[Date Prev][Date Next][Thread Prev][Thread Next][Date Index][Thread Index]

Re: [HTCondor-users] best way to use cached data



Thanks.
That will work if all vms have the same storage and structural requirement, but not ideal since not every VMs can have the same capacity.
I guess the real question is if anyone has ever tried to intergrate/connect HTCondor with any SRMs such as BeStMan or dCache SRM.

I've read a number of paper just now and they seem pretty interesting. They basically "manage" data access, lifetime, and replication.

John


On Mon, Dec 10, 2012 at 12:45 AM, Sarnath K - ERS, HCLTech <k_sarnath@xxxxxxx> wrote:

Simplest way is to have the same directory structure on all machines

And simply give the PATH as an argument.

That would do.

 

Condor would run the program as you had given on the client machine.
It the data is there, Bingo! It will work. That’s it.

 

That said so confidently,, I am also not a frequent user of condor.
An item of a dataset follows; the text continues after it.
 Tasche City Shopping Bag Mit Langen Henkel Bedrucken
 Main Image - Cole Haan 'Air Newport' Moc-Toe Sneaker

But, this is what my memory recollects. Good luck!

 

From: htcondor-users-bounces@xxxxxxxxxxx [mailto:htcondor-users-bounces@xxxxxxxxxxx] On Behalf Of John Wong
Sent: Monday, December 10, 2012 11:07 AM
To: htcondor-users@xxxxxxxxxxx
Subject: [HTCondor-users] best way to use cached data

 

This is probably the easiest and most common problem in HPC community, but as newcomer I still haven't found the right solution.

 

I have over 1TB data total (of many files) and I need them for most jobs. 

For simplicity, we have one slave machine to run the computation and one submit master machine. 

 

Say we put our data on the slave, how do we let condor knows these data be found under XYZ directory? Is there a special command / special configuration? 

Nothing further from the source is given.